Flemings in the UK: Alex Vanthournout on blogging and Brexit

Summary

In the fifth and final instalment of our series on Flemish people living in and working in the United Kingdom, we talk to Alex Vanthournout, a sportswear retailer treading uncharted waters in the wake of the Brexit referendum

Stylishly fit

Alex Vanthournout is many things: blogger, runner, lover of fashion, businesswoman. And, following the recent UK referendum, someone who’s passionate about talking politics.

She moved to London from Kortrijk aged 18 to study journalism, “fell into” a series of fashion internships, then set up as a freelance writer, launching a blog to get her work read and keep herself entertained. At the time, blogging was relatively new, and she became one of the few to have made it profitable.

“I’m lucky to have been part of that first wave of people who managed to turn blogging into a career,” she says. “It was an exciting time. I travelled the world, met people I would never have met in any other circumstances. But coming up to turning 30, I thought, ‘this isn’t what I want to do for the rest of my life’.”

The first steps into business were born from what she calls her personal fitness journey. “I’m quite short and curvy, but I worked in the fashion world, so that was an interesting dynamic,” she says. “I started running and began writing about it in what I hoped was a refreshing way: You know, this isn’t great fun, but here are some nice things you can wear while you do it!”

Sportswear everywhere

It struck a chord among her readers and led to her setting up a second blog, Fashercise, dedicated to healthy living. A Belgian friend in London, working in retail, asked her where she wanted to take it, and her inspiration was the new generation of young sportswear designers offering an alternative to mainstream brands. The blog developed into an online store under the same name, which the two friends launched in 2014.

“People take fashion very seriously, but with our site, even the name itself is meant to be jokey,” Vanthournout explains. “We refuse to be hardcore about either fashion or exercise. Our office ethos is ‘let’s work out, but then let’s have a glass of wine after’.” 

Our plan was to start expanding into Europe, and of course all that has to be shelved now.

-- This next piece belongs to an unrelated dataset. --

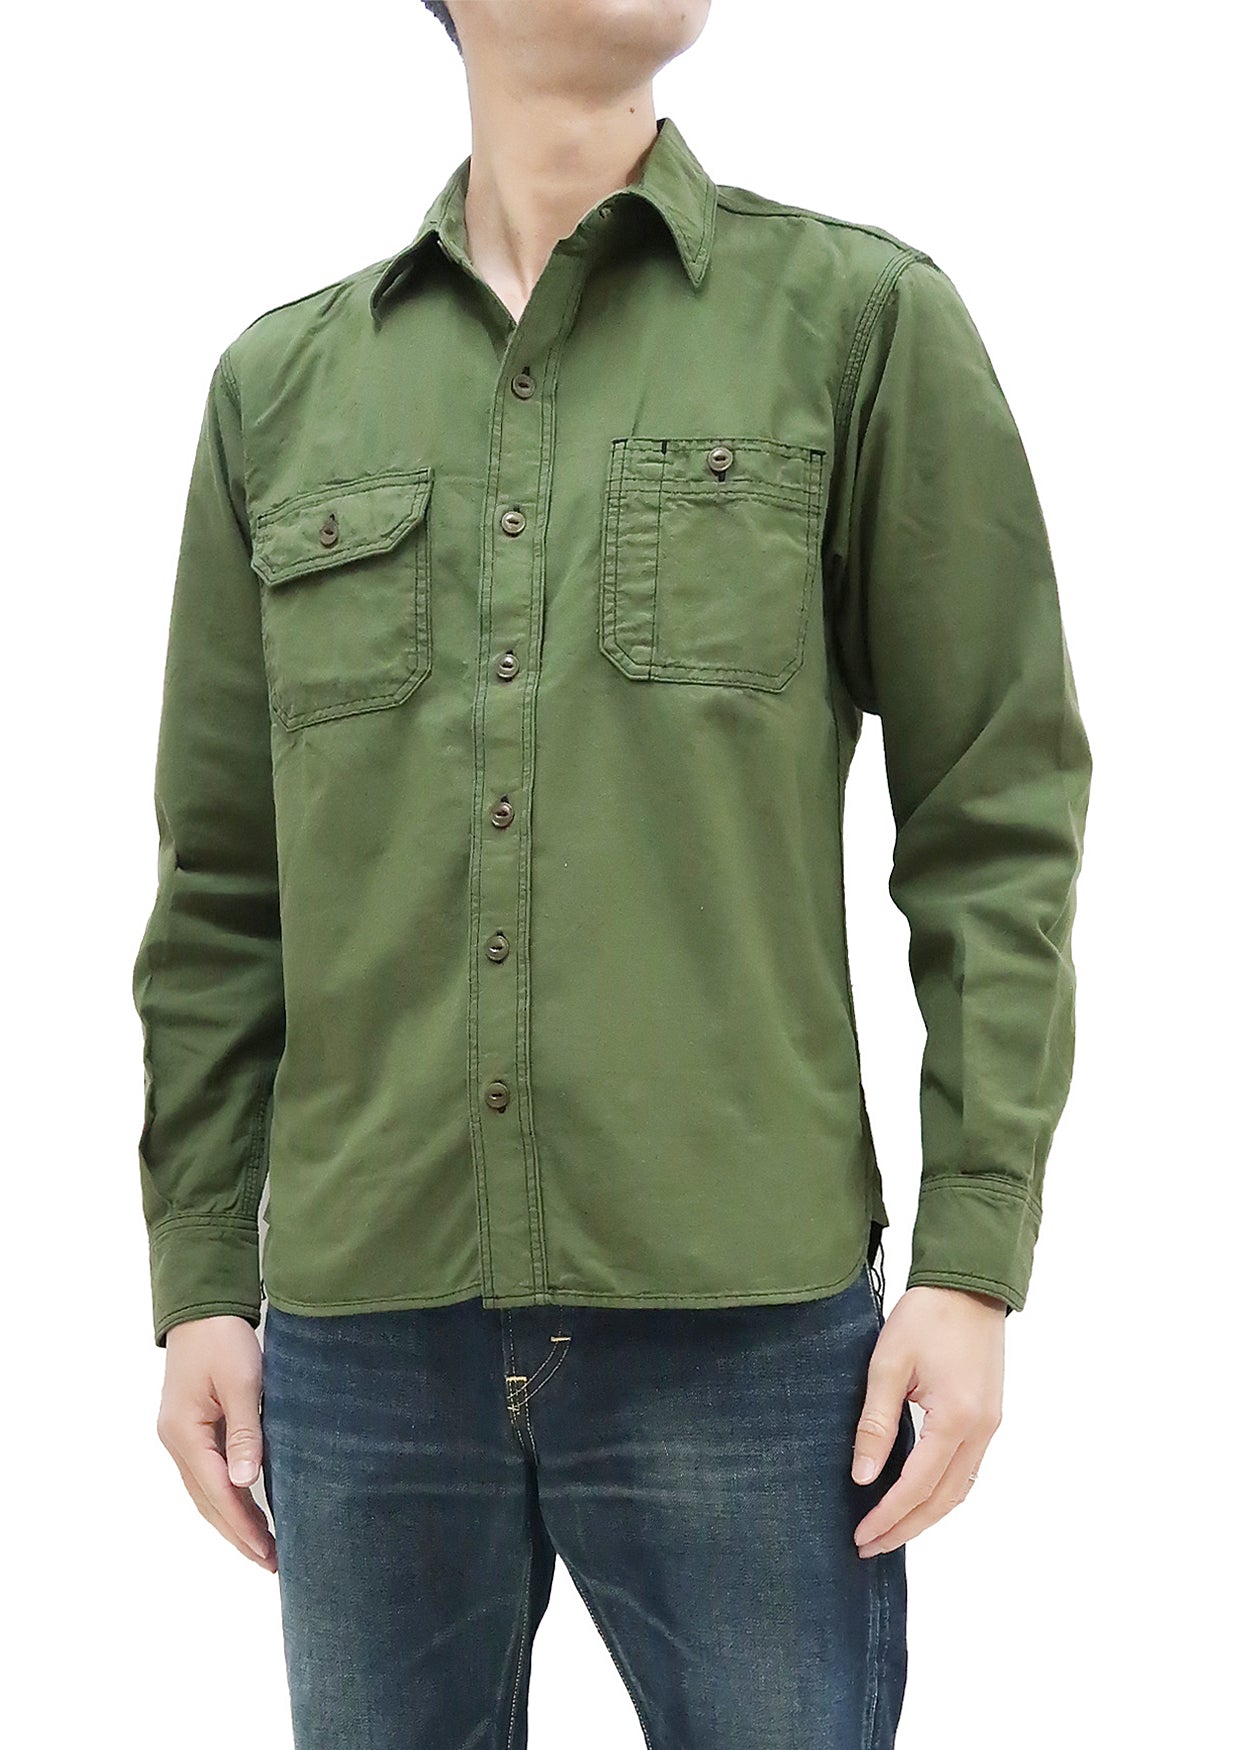 Pista Green Double Pocket denim shirt for mens – Albatross Clothing
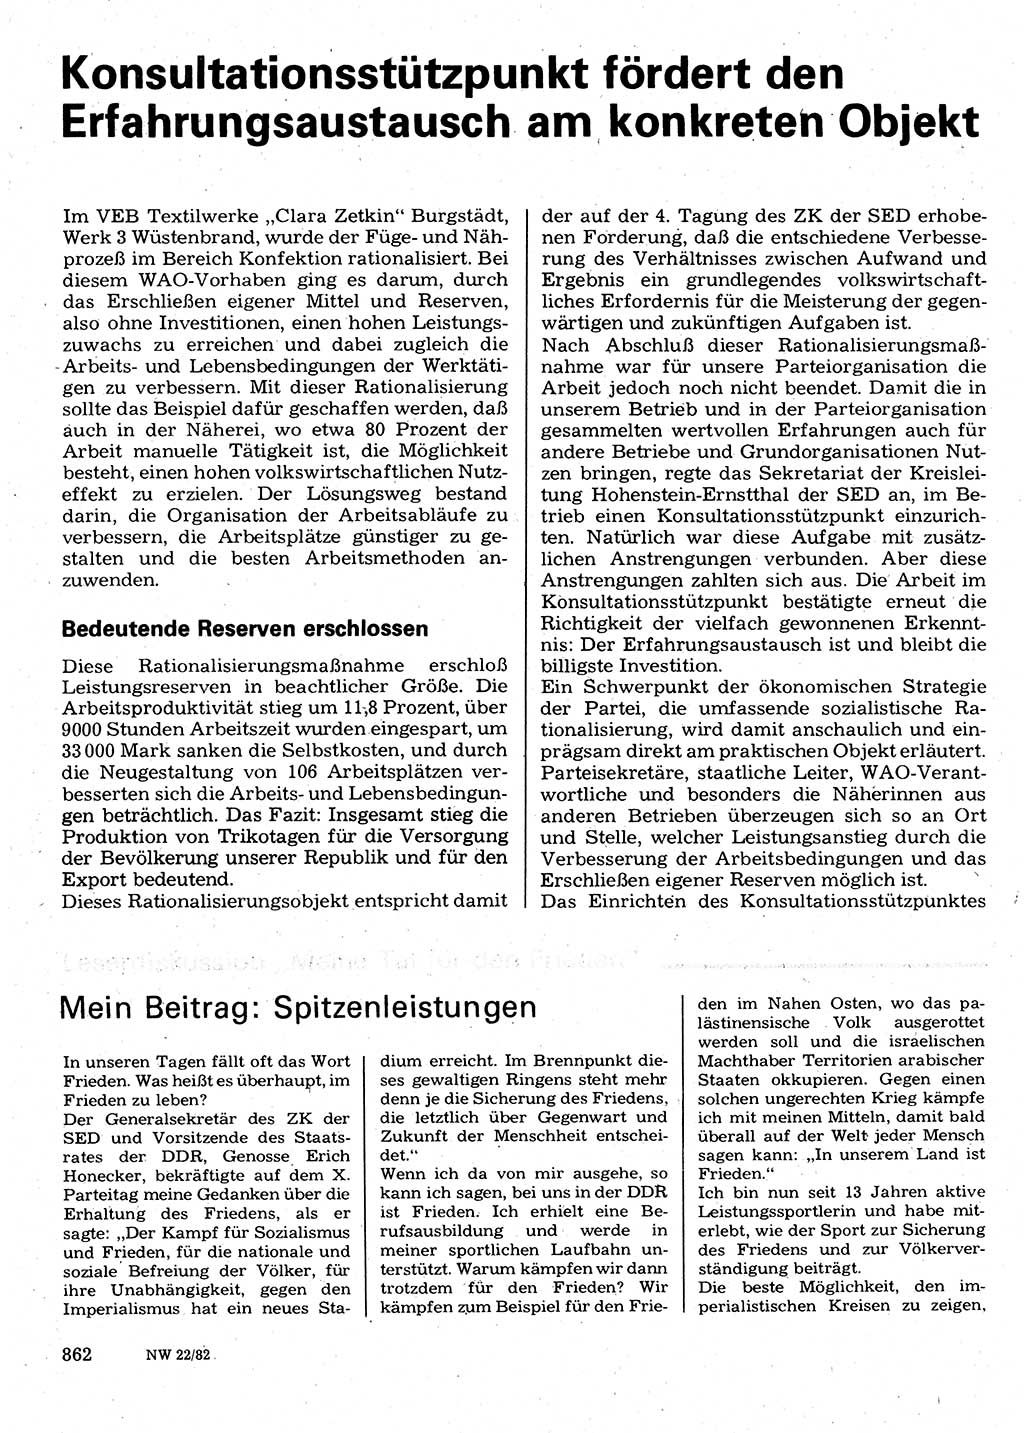 Neuer Weg (NW), Organ des Zentralkomitees (ZK) der SED (Sozialistische Einheitspartei Deutschlands) für Fragen des Parteilebens, 37. Jahrgang [Deutsche Demokratische Republik (DDR)] 1982, Seite 862 (NW ZK SED DDR 1982, S. 862)

Frankly, we don’t know what’s going to happen

- Alex Vanthournout

She thinks that applies, she says, “to 90% of women, and that’s who I want to speak to. But if anyone had told me a couple of years ago that I’d be selling Lycra for a living, I’d have laughed at them.”

The brands Fashercise sells aren’t cheap, but the hook is the combination of fashion and function. “If I’m going to spend lots of money on clothes, I want to be able to wear them more than once a week to go to zumba, so a lot of what we sell can be transferred to your normal wardrobe," says Vanthournout. "I wear sportswear to the office every day, even if I don’t work out. But when I have it on, there’s a much higher likelihood that I will work out.”

The two friends still run the business alone, though they’ve taken on a couple of interns and have been looking for investments and considering a mentor. Given the UK’s vote to leave the European Union, what happens next is out of their hands.

“Our plan was to start expanding into Europe, and of course all that has to be shelved now. Frankly, we don’t know what’s going to happen, and we’re dreading what effect it will have in the long term,” she says. “In just one day after the vote, with the pound crashing, everything became a lot more expensive for us. We’ve taken a big hit. With a small business, you don’t have the buffers for if things go downhill.”

Sense of panic

She lives in Islington, a mixed London borough that voted overwhelmingly to remain in the EU. “I can’t begin to explain what the atmosphere here is like,” she says. “I know we’re in a bubble in London, and everyone’s entitled to their opinions, but it’s a very strange place. There’s a sense of panic and uncertainty.”

Much of the uncertainty relates to people’s individual futures. People like Vanthournout, who have lived in the country all their adult lives, say they now feel excluded.

“Among my friends, I’ve never thought of my friends as anything other than Londoners,” she says, “but a lot of them are international, and the sentiment that I’ve heard over the past few days suggests that for the first time there’s a sense of a ‘them’ and an ‘us’, and I feel suddenly I’m no longer part of this city that’s been home for so long.” 

From a professional point of view, she says, the Leave campaign’s rhetoric about immigrants taking jobs is particularly upsetting. “I’ve created a business here, and I’ve been able to do that because of the EU. I find it hard that people can’t understand that. From a personal point of view, I find it heart-breaking. And I’ve never talked so much about politics in my life.”